« En imposant les mesures mentionnées, les États-Unis violent de manière flagrante des engagements centraux pris par ce pays au sein de l’OMC, comme le principe de la nation la plus favorisée et les plafonds tarifaires négociés dans le cadre de cette organisation », peut-on lire dans un communiqué publié par le ministère des Affaires étrangères du Brésil.
Pour cette raison, le Brésil a présenté une « demande de consultations » aux États-Unis dans le cadre du Système de règlement des différends de l’OMC.
Le Brésil a également réitéré sa disposition à négocier et a exprimé l’espoir « que les consultations contribuent à une solution à cette question ».
« La date et le lieu des consultations devront être convenus entre les deux parties dans les prochaines semaines », a-t-il ajouté.
Ce matin, le gouvernement du Brésil a également annoncé qu’il allait maintenir de nouvelles discussions avec l’administration des États-Unis après l’entrée en vigueur des tarifs de 50 % imposés par Washington sur une partie des importations brésiliennes.
Le ministre des Finances, Fernando Haddad, a annoncé à la presse qu’il s’entretiendra mercredi prochain avec le secrétaire au Trésor des États-Unis, Scott Bessent, ce qui « officialise l’intérêt pour le dialogue ».
L’entretien entre Fernando Haddad et Scott Bessent sera virtuel, mais pourrait évoluer vers une rencontre en personne en fonction du dialogue.
« Selon la qualité de la conversation, une réunion de travail en personne pourrait être organisée dans le but d’arriver à un accord entre les deux pays », a assuré le ministre brésilien.
Le tarif, signé la semaine dernière par le président américain, Donald Trump, affecte 36 % des importations en provenance du Brésil et s’applique à une variété de produits allant du bœuf au café.
Simultanément, Trump a exclu de la taxe de 50 % une liste de près de 700 produits représentant 45 % des importations en provenance du Brésil et auxquels continuera de s’appliquer la taxe minimale de 10 % annoncée en avril pour la plupart des pays.
D’autres 19 % des importations, comme c’est le cas de l’acier et des véhicules, font face à des tarifs sectoriels.
Les tarifs de 50 % imposés par le président des États-Unis à plusieurs produits brésiliens entrent en vigueur aujourd’hui, dans une tentative de Washington de faire pression en faveur de l’amnistie de l’ex-président brésilien Jair Bolsonaro.
Dans une crise diplomatique sans précédent entre les deux pays, Donald Trump et la Maison-Blanche ont qualifié le processus, dans lequel Jair Bolsonaro est accusé de tentative de coup d’État après les élections de 2022, de « chasse aux sorcières ».
Mercredi, et le même jour où les tarifs ont été annoncés, les États-Unis ont imposé de nouvelles sanctions au juge de la Cour suprême du Brésil Alexandre de Moraes, rapporteur du processus contre Bolsonaro.
Alexandre de Moraes a décrété ce lundi l’assignation à résidence de Jair Bolsonaro pour non-respect des mesures préventives imposées dans le cadre du processus de tentative de coup d’État, comme l’utilisation des réseaux sociaux, et a déjà assuré qu’il allait « ignorer les sanctions » imposées par les États-Unis.

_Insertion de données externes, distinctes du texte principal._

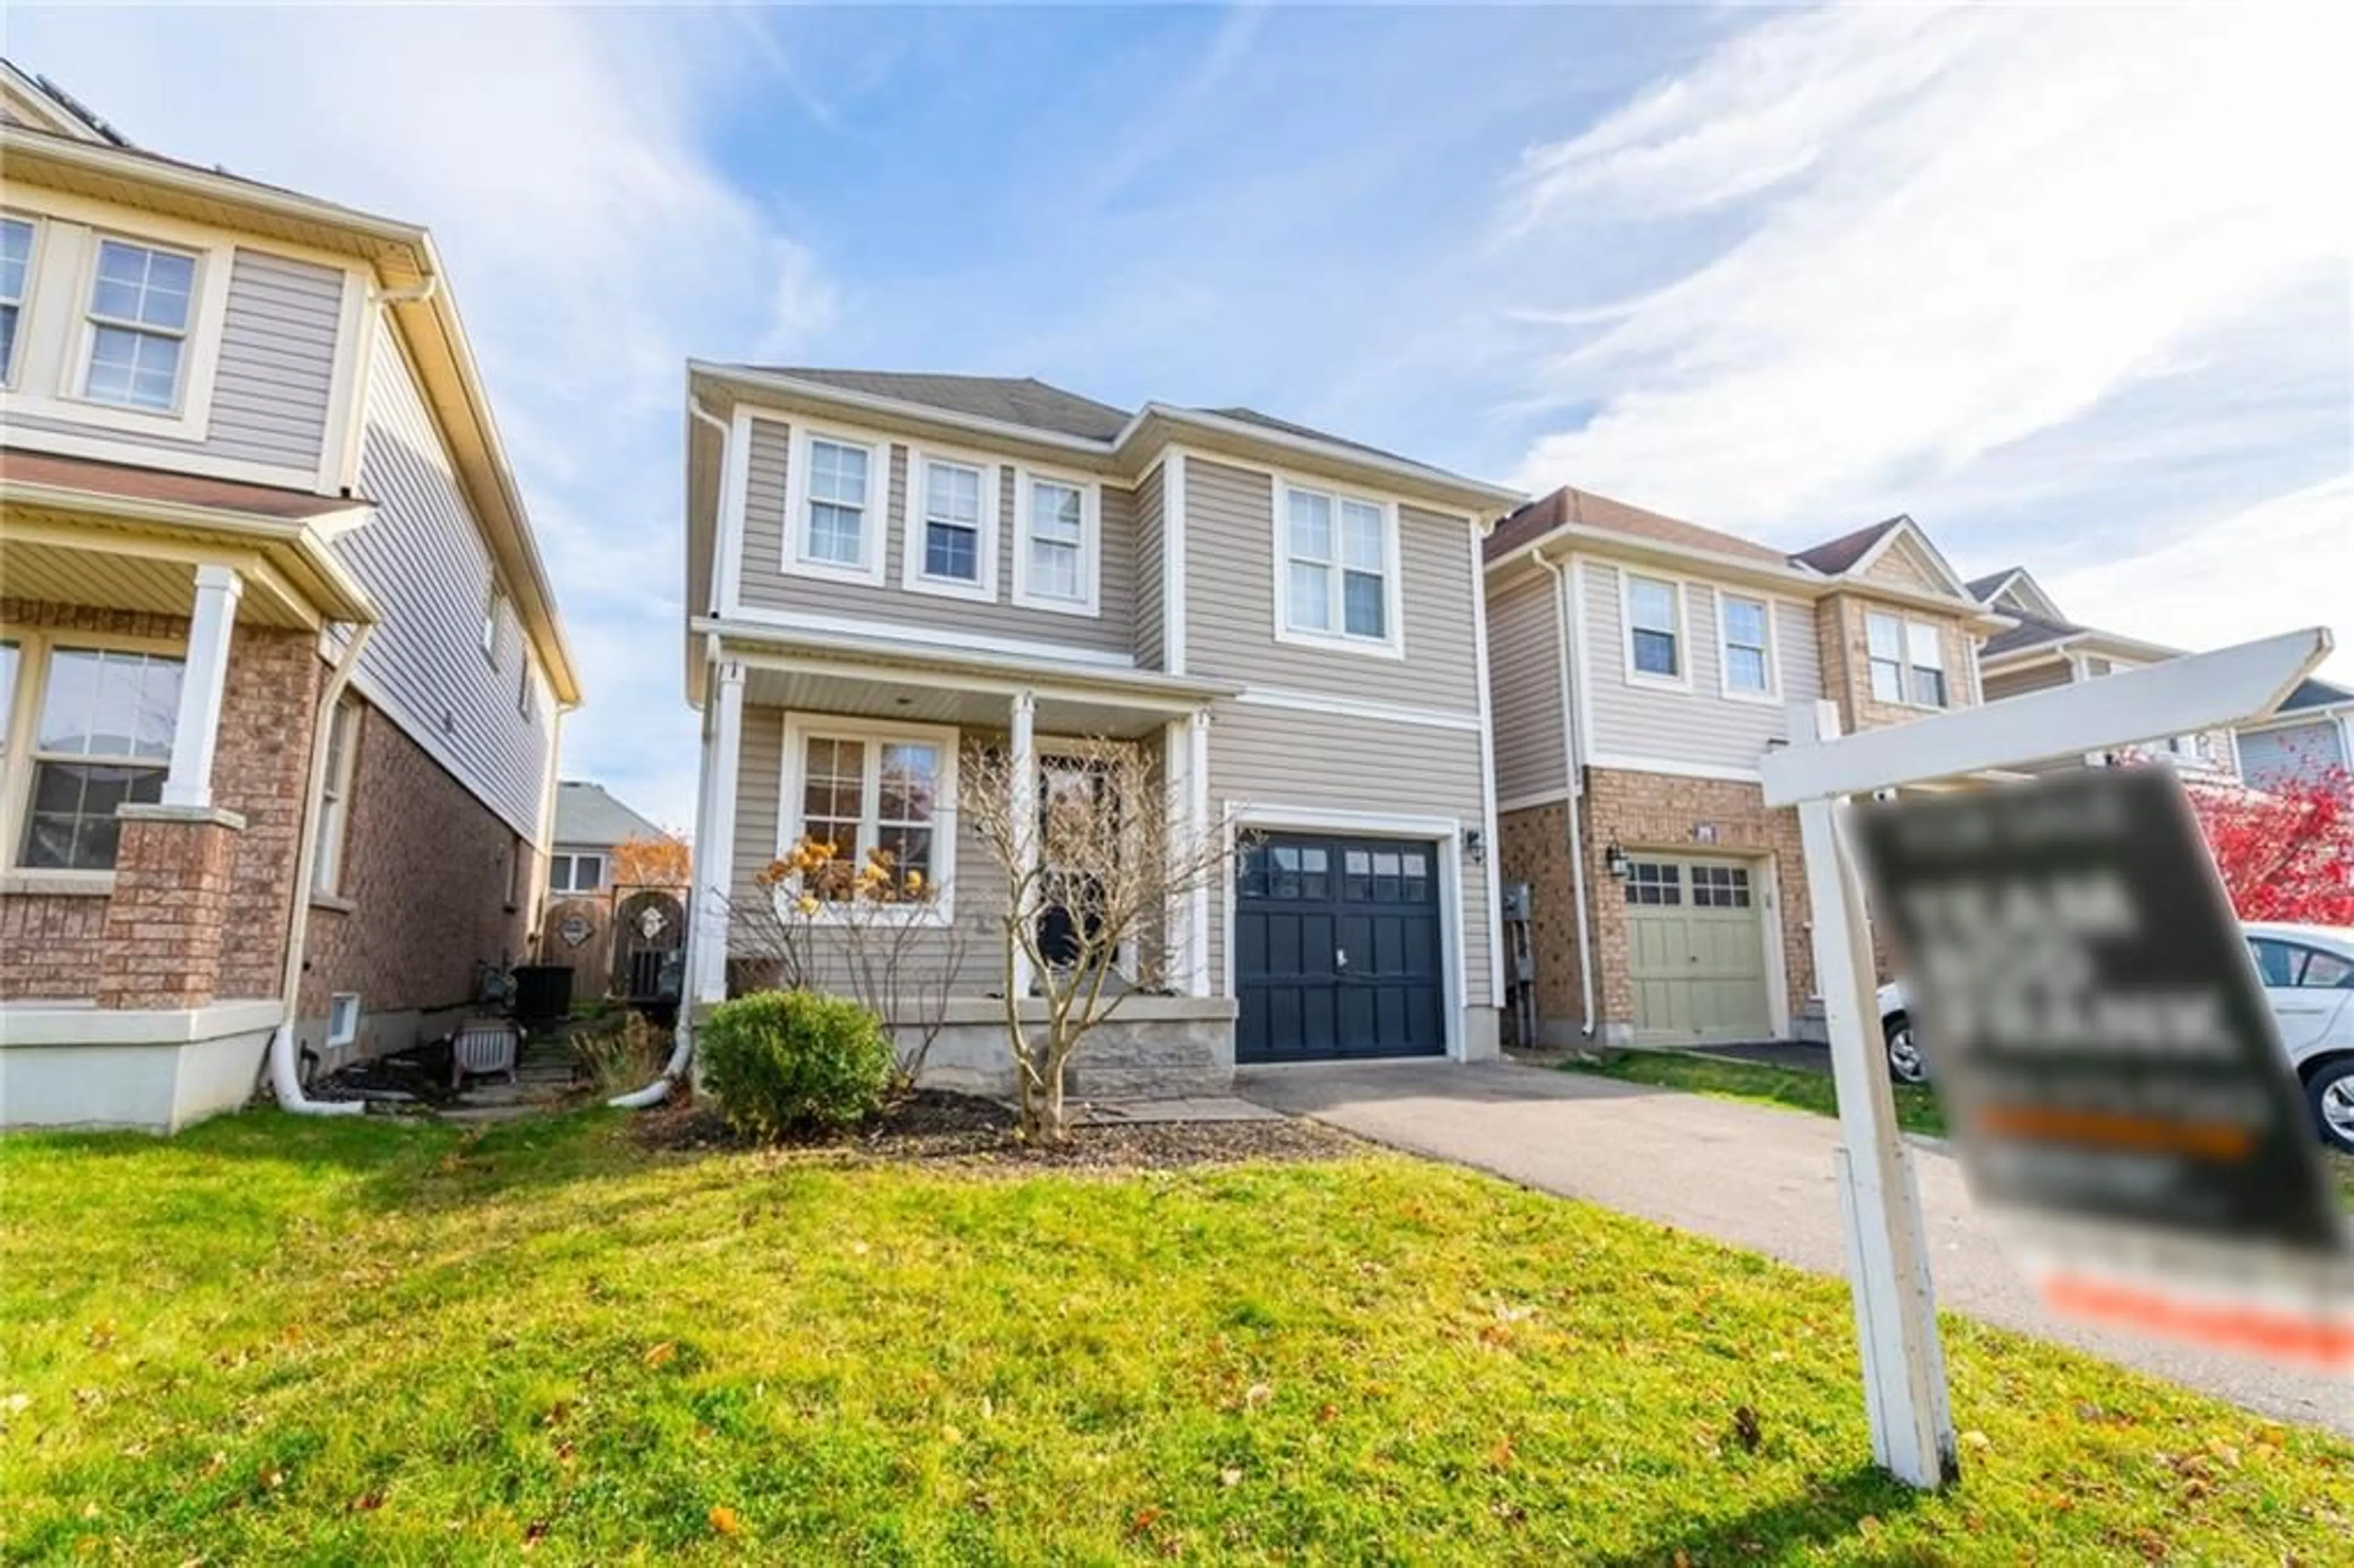 Frontside or backside of a home for 55 POWELL Dr, Binbrook Ontario L0R 1C0

Lula da Silva et son gouvernement continuent de négocier avec Washington le retrait de la liste tarifaire d’environ 700 produits brésiliens comme la viande, le café et les fruits, tout comme cela a été fait pour l’aviation ou le fer, mais garantissent que la souveraineté du pays et l’indépendance des tribunaux sont non négociables.
« Notre démocratie est remise en question, notre souveraineté est attaquée, notre économie est agressée. C’est un défi que nous n’avons pas demandé et que nous ne désirons pas », a déclaré mardi le chef d’État brésilien, lors d’un événement à Brasilia.